Now an airline is catching heat on a federal level. Delta Air Lines was recently in federal court, where a judge ordered the company to cough up $2.7 million for failing to produce information in a lawsuit related to baggage fees. This order was ON TOP OF another $4.8 million in penalties previously handed down.
According to the judge, Delta dragged their feet, taking far too long to produce the emails and allow them to be entered into evidence. US District Court Judge Timothy Batten blamed Delta’s “ineptitude and missteps” for unacceptable delays.
“Ineptitude” is not the word consumers want attached to their air travel provider. But that’s not the worst news for Delta.
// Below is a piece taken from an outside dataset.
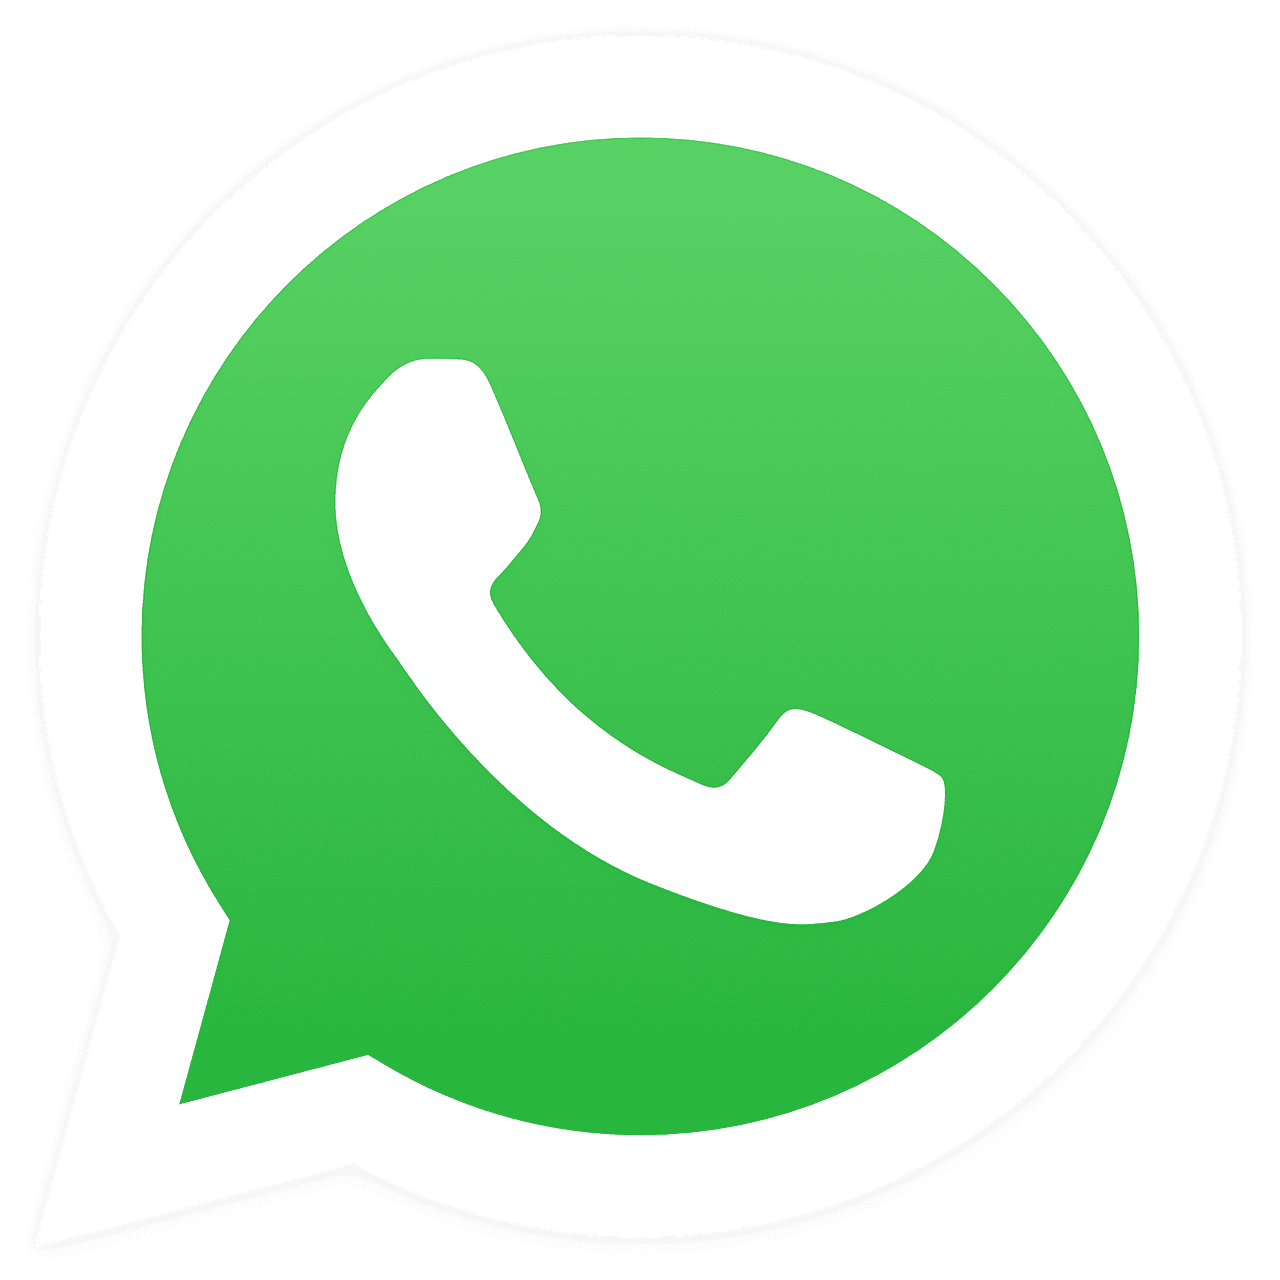 Enlace para ir al chat de WhatsApp

According to the court filings, a group of passengers said that Delta and AirTran conspired to impose baggage fees. According to the suit, the two competitors put their heads together and decided to each begin charging fees for initially checked baggage.
The claim may seem spurious, but since Delta collected more than $860 million in checked-bag fees last year, consumers are paying attention. Bag fees continue to be a hot – and contentious – topic in the air travel industry. Consumers hate the fees, which they see as unfair taxes on air travel. Airlines argue the fees are necessary to remain profitable. Neither side seems willing to bend.
This could be a classic case of something new that people just haven’t become accustomed to. Nearly every fee or tax we have today was initially vigorously opposed but eventually accepted as “normal” by a generation who knew no different. There may come a time when consumers don’t bat an eye about paying a baggage fee. But that is not today.
However, the debate also offers an opportunity. Competing airlines have worked to win consumer loyalty by axing or reducing bag fees. For some, it worked. But only if the airline didn’t have other downsides consumers hated more. That’s an important lesson in today’s Instant PR culture. One-off gimmicks might put butts in the seats, but that might not pay off if those customers don’t enjoy the experience.